Set `sequence-parallel` to account for the `Megatron-TP-SP` method when building the cost model.

Set `fine_grained_mode` to `0` / `1`(default:`1`) to disable/enable fine-grained parallel strategy and search. For the former, the search engine will find a global parallel strategy, meaning the same parallel strategy is applied to all layers. For the latter, it refers to the standard fine-grained parallel strategy search.

Set `profile_mode` to `static` / `batch` / `sequence` (default:`static`) to determine the estimation method for computation time and memory when building a cost model, `static` indicates that computation time increases proportionally with batch size. In contrast, `batch` suggests that computation time grows linearly with batch size. Specifically, we will use an $\alpha-\beta$ model to fit a linear function based on the profiled data. To ensure accuracy, when using `batch`, we require profile results for 8 different batch sizes for the same layer type. Additionally, `sequence` uses profiled data to model memory and time performance for other sequence lengths. In practice, `profile_mode` in the searching argument should typically match the profile argument. When using `static` or `batch` modes, user also need to ensure the sequence length is consistent. However, this is not necessary when using the `sequence` mode.
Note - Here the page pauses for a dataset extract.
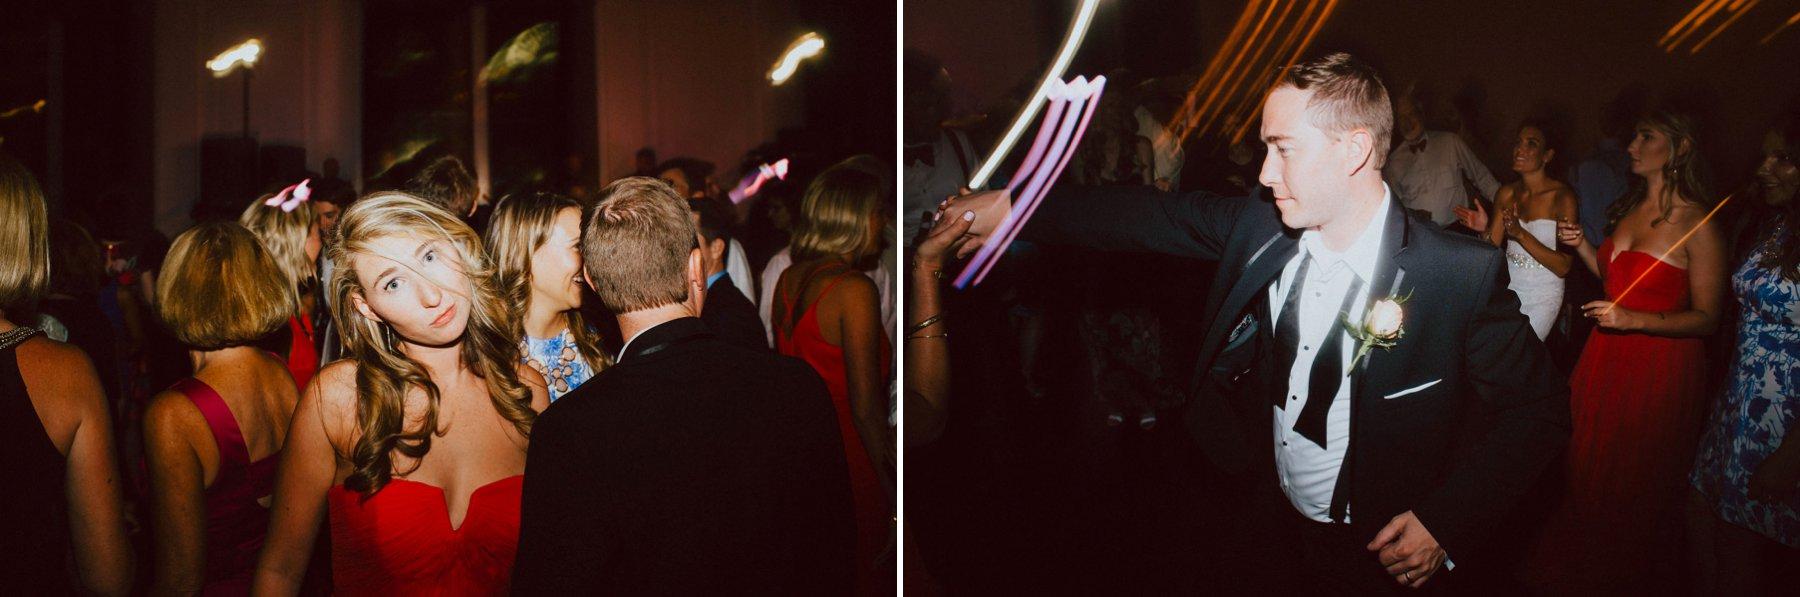 downtown-club-philadelphia-wedding-photographer-114.jpg

Set `sp_space` to `tp+sp` / `tp` (default:`tp`) to determine the search space for sequence parallelism. `tp+sp` represents considering both Megatron-SP and Ulysses, while `tp` represents considering only Megatron-SP. 
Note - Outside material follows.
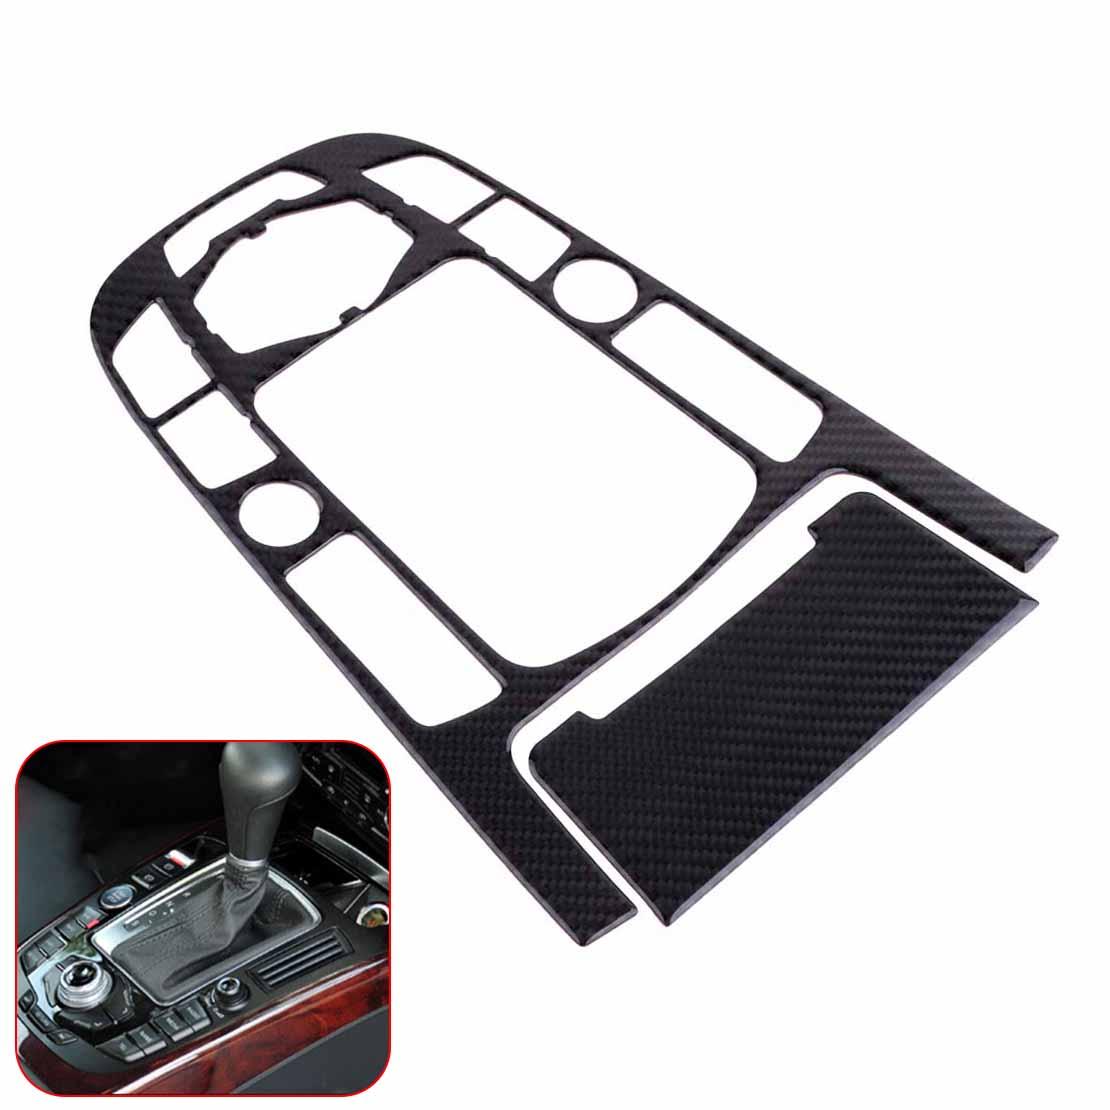 DWCX Carbon Fiber Strip Gear Shift Panel Cover Trim Car Interior Control Center Decorative Frame Molding

Set `no_global_memory_buffer` to disable the estimation of global memory for all-gather buffer when using Megatron-SP. In Megatron-SP, a buffer is allocated to store the results of all-gather communication operations. This memory is not released, and as the sequence length increases, the memory usage of this buffer can become significant.

Moreover, we provide parallel searching options, which can be enabled by enable `parallel_search` and using `worker` to set the number of threads for parallel searching, default is 2xCPU cores. We also provide `log_dir` to set the path for saving the searching log.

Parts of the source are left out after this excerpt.